NPS treatment enhances tumor immunogenicity, results in potent in situ vaccination protection and elicits T cell memory

Previously, we reported that 4T1-luc cells treated with NPS released surrogate biomarkers of ICD including calreticulin, ATP and high mobility group protein B, and activated DCs in vitro5. To further validate if NPS treatment can enhance the immunogenicity of 4T1-luc breast cancer, in vivo vaccination assays were carried out. As shown in Fig. 1A, 4T1-luc cells are poorly immunogenic. All mice immunized with tumor lysate prepared by 3 cycles of freeze/thaw grew tumors, hence resulted in no protection (0% or 0/12) against live tumor challenge. On the contrary, half of mice (50% or 6/12) immunized with NPS-treated 4T1-luc cells rejected live tumor challenge. Therefore, our in vivo vaccination assays indicate NPS is a bona fide ICD inducer.

Figure 1
figure 1

NPS treatment induces antitumor immunity and long-term memory T cell responses. (A) 4T1-luc tumor growth curves in mice immunized with 2 × 106 4T1-luc cells treated with 3-cycles of freeze/thaw, or NPS (60 ns, 50 kV/cm, 1 Hz and 120 pulses). The number of tumor free (red) vs total mice are indicated. (B) Survival curves of animals after the secondary tumor challenge. Mice with orthotopic 4T1-luc breast tumors (6–8 mm) were treated with NPS (100 ns, 50 kV/cm, 3 Hz and 1000 pulses). Animals with tumor free over 7 weeks were challenged orthotopically in a different mammary fat pad with 0.5 × 106 live 4T1-luc tumor cells. Ctrl: naïve mice without prior NPS treatment (n = 14). NPS: tumor free mice after NPS treatment (n = 14). (C) The frequency of tissue resident memory CD8+ T (Trm) cells in draining lymph nodes. Tumor: control animals without NPS treatment (n = 5). NPS: 9 days after NPS treatment (n = 5). (D) The frequencies of effector (Tem) and central (Tcm) memory T cells in spleen. (E) Representative flow plots of intracellular cytokine staining for IFN-γ and IL-17 in T cells from splenocytes cocultured with anti-CD3 for 6 h.
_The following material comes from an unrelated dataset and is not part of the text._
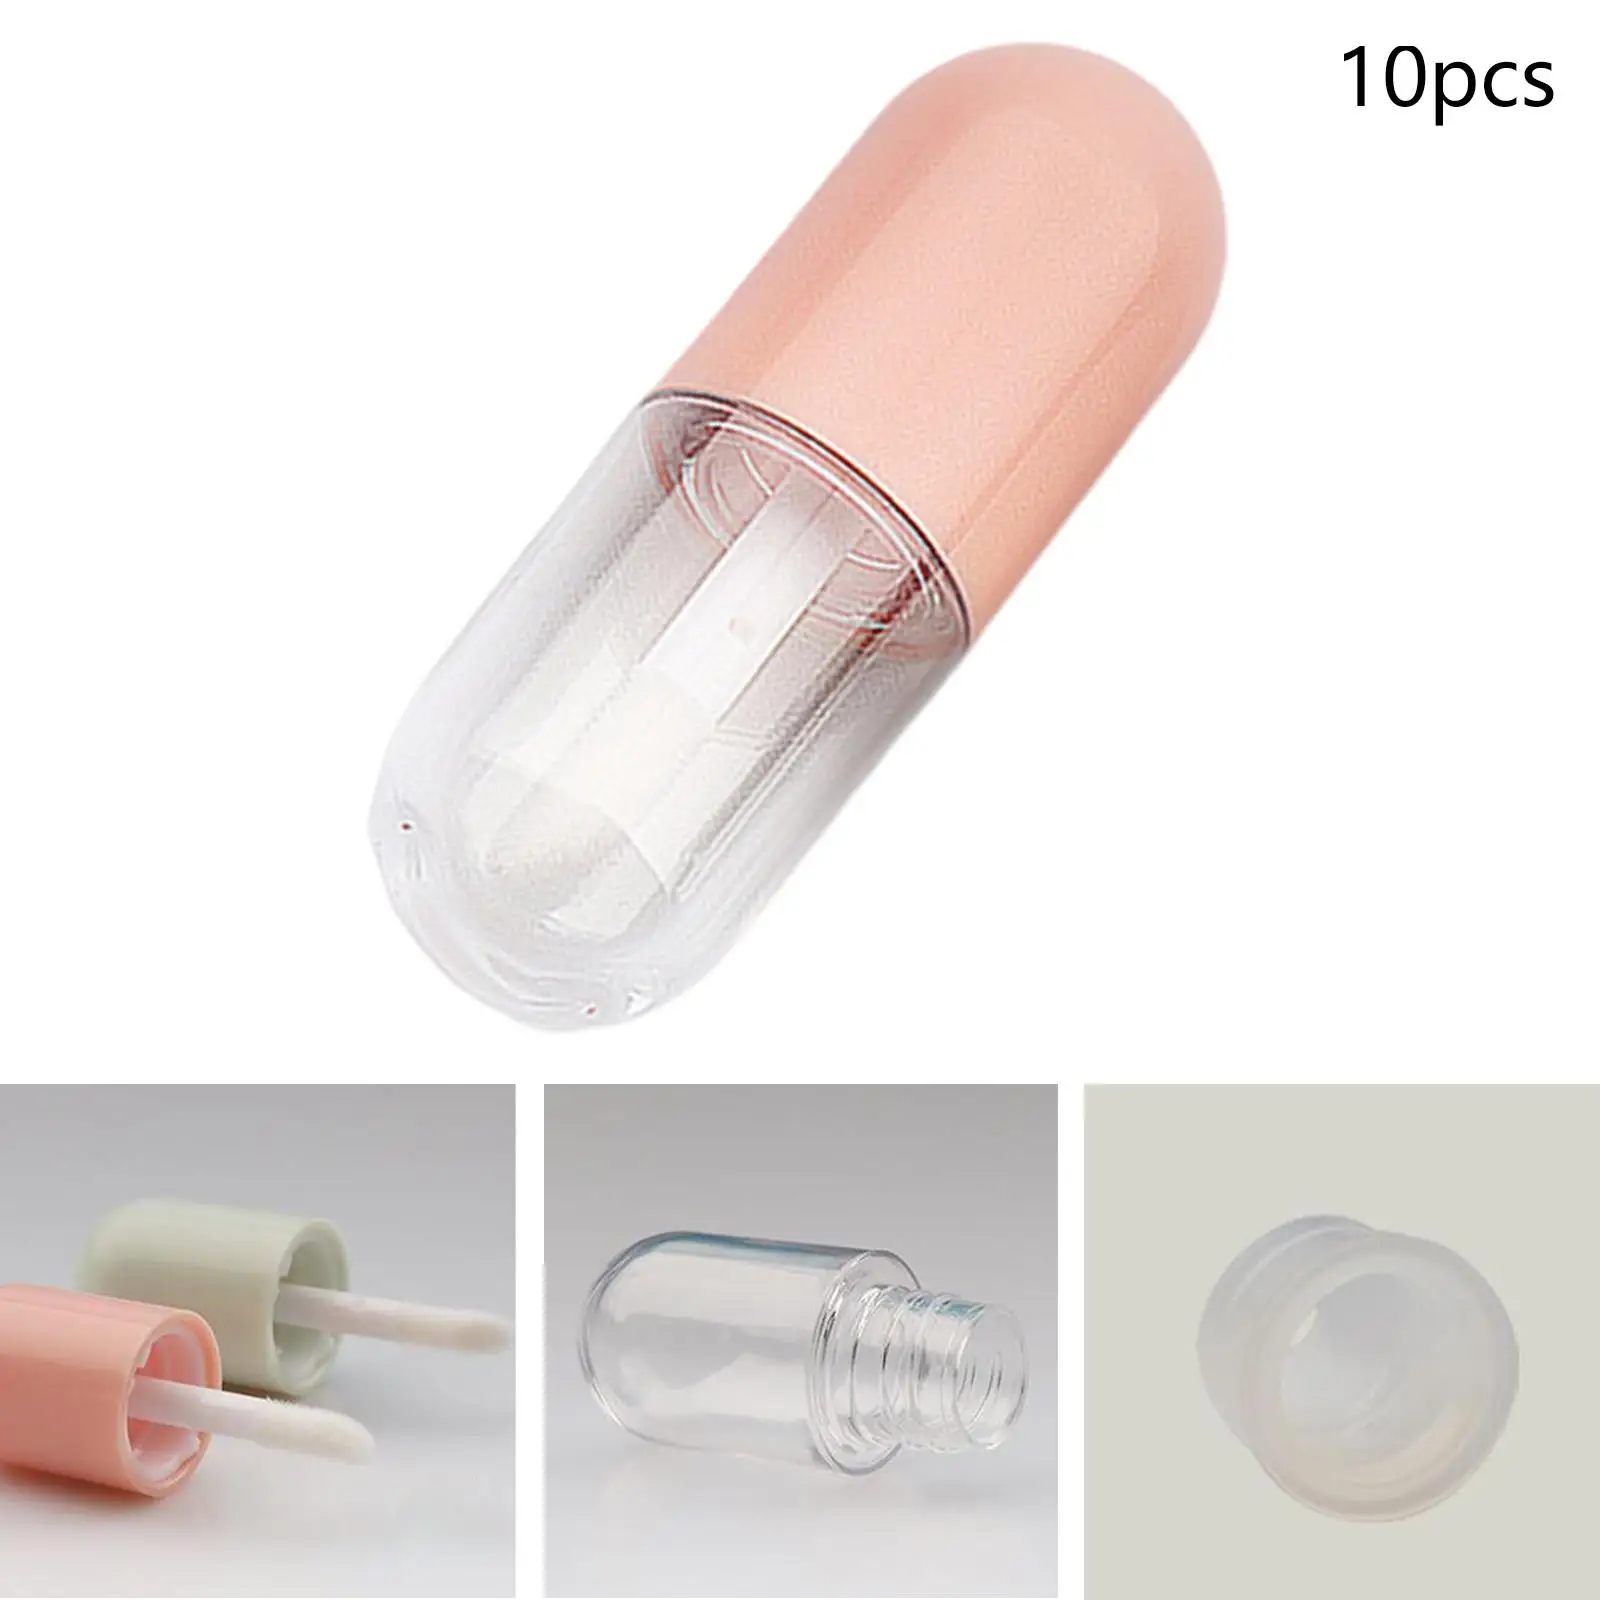 10x  Container with Insert Stoppers Adorable  Holder Samples Bottle Balm Tubes for DIY Cosmetic Samples Travel Women Girl

For both (D, E), Tumor: control animals without NPS were euthanized at day 35 after tumor initiation (n = 3). NPS: animals with tumor free over 3 months after NPS treatment were euthanized (n = 5). *p < 0.05. **p < 0.01. ***p < 0.001. (Chi-Square for A, LogRank for B and t test for C, D, respectively).

To assess if NPS treatment in vivo can improve the immunogenicity of cancer, hence turn the tumor itself into vaccine (in situ vaccination), we first treated 4T1-luc tumors with NPS then animals with complete tumor regression seven weeks after NPS treatment were challenged again with the same type of live cancer cells, but at a different location. A potent rejection of tumor growth was shown in Fig. 1B. In contrast to that none of the (0% or 0/14) naïve mice were protected, 93% (13/14) of mice having been treated with NPS were protected from the secondary tumor challenge. This phenomenon of in situ vaccination protection has also been demonstrated in a rat hepatocellular cancer model8 and a mouse pancreatic cancer model14 treated with NPS.
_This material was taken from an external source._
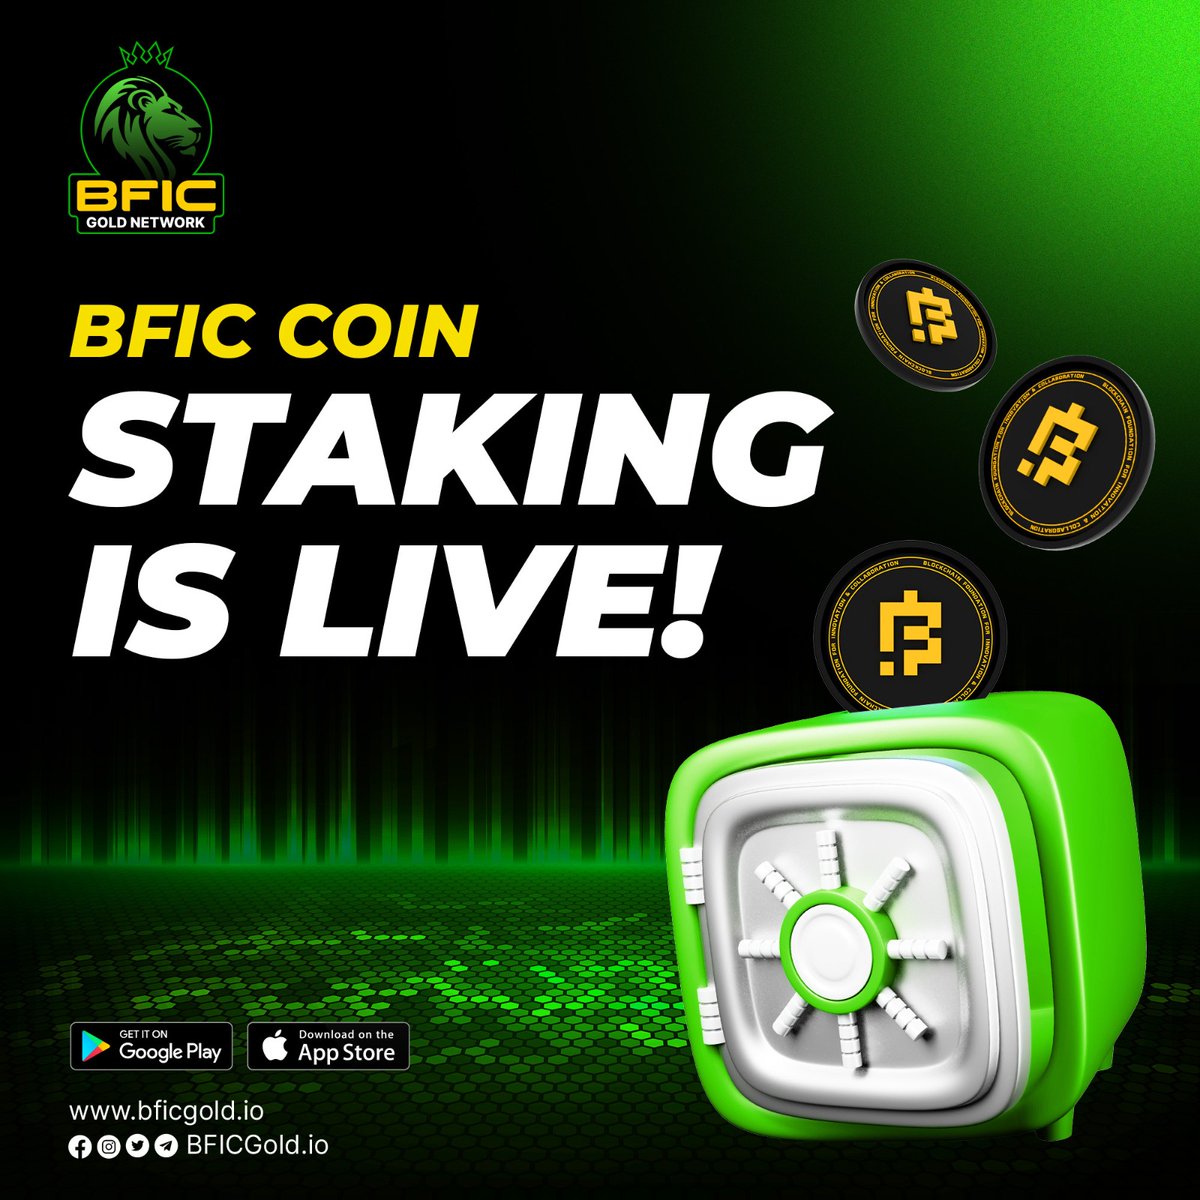 Exciting Update for BFIC Community Members! 🔥

BFIC Coin staking is now live on the BFIC Gold Network! 

#BFICGoldNetworkCommunity #BFIC #BFICCoin #BFICCommunity #TotheFuture #ToTheMoon #BFICNetworkisBack #Staking #EarnMoneyfromHome #EarnOnline #EarnfromPhone #GoodNews
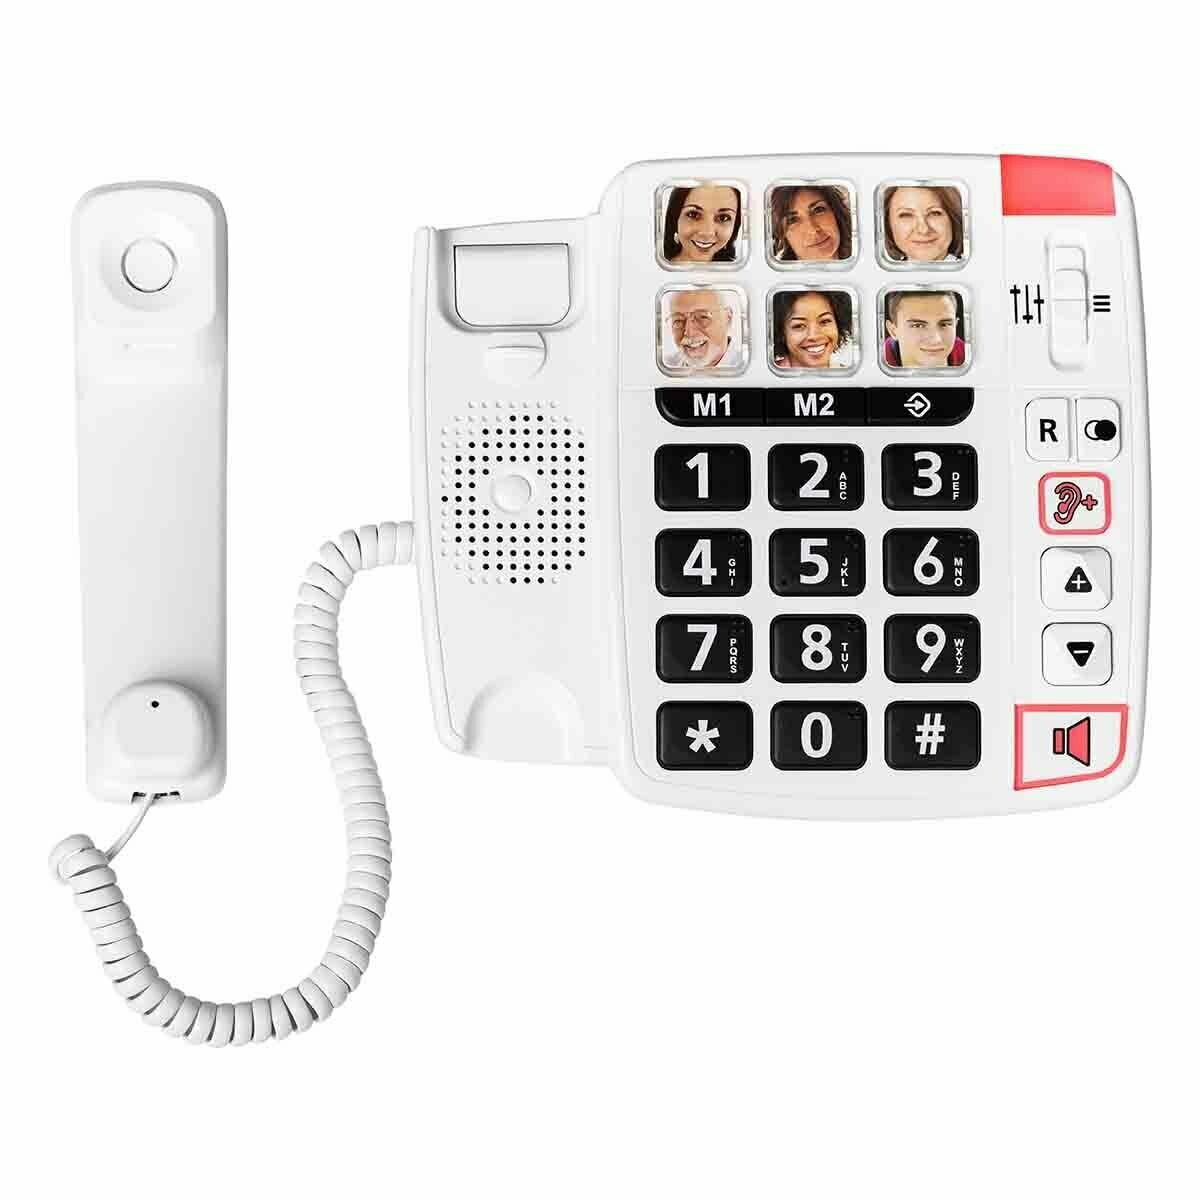 Extra Large Button Speakerphone, Telephones for Seniors. Elderly and those  w/ Limited Eyesight, Big Button Phone

The mechanisms of NPS-induced potent in situ vaccination protection are unknown. We hypothesize that T cell immunity plays a critical role in the in situ vaccination protection. To test our hypothesis, we examined both early and long-term immune responses. Tissue-resident memory CD8 T cells were significantly increased in draining lymph nodes 9 days after NPS treatment (Fig. 1C). In long-term, central memory and effector memory CD4/8 T cells were remarkedly expanded 9–25 folds in tumor-free mice after NPS treatment in comparison to tumor-bearing animals (Fig. 1D). Furthermore, intracellular cytokine staining showed a prominent population of IFN-γ producing CD4 and CD8 T cells in the spleen of NPS treated mice (Fig. 1E). These analyses suggest T cell immunity is involved in the NPS-induced in situ vaccination protection.

However, major molecular events occurring in tumor cells after NPS treatment that are responsible for DC activation and T cell priming are unexplored. To investigate whether ROS are involved in this process, next we evaluate ROS production from tumor cells and defined their role in the NPS induced ICD.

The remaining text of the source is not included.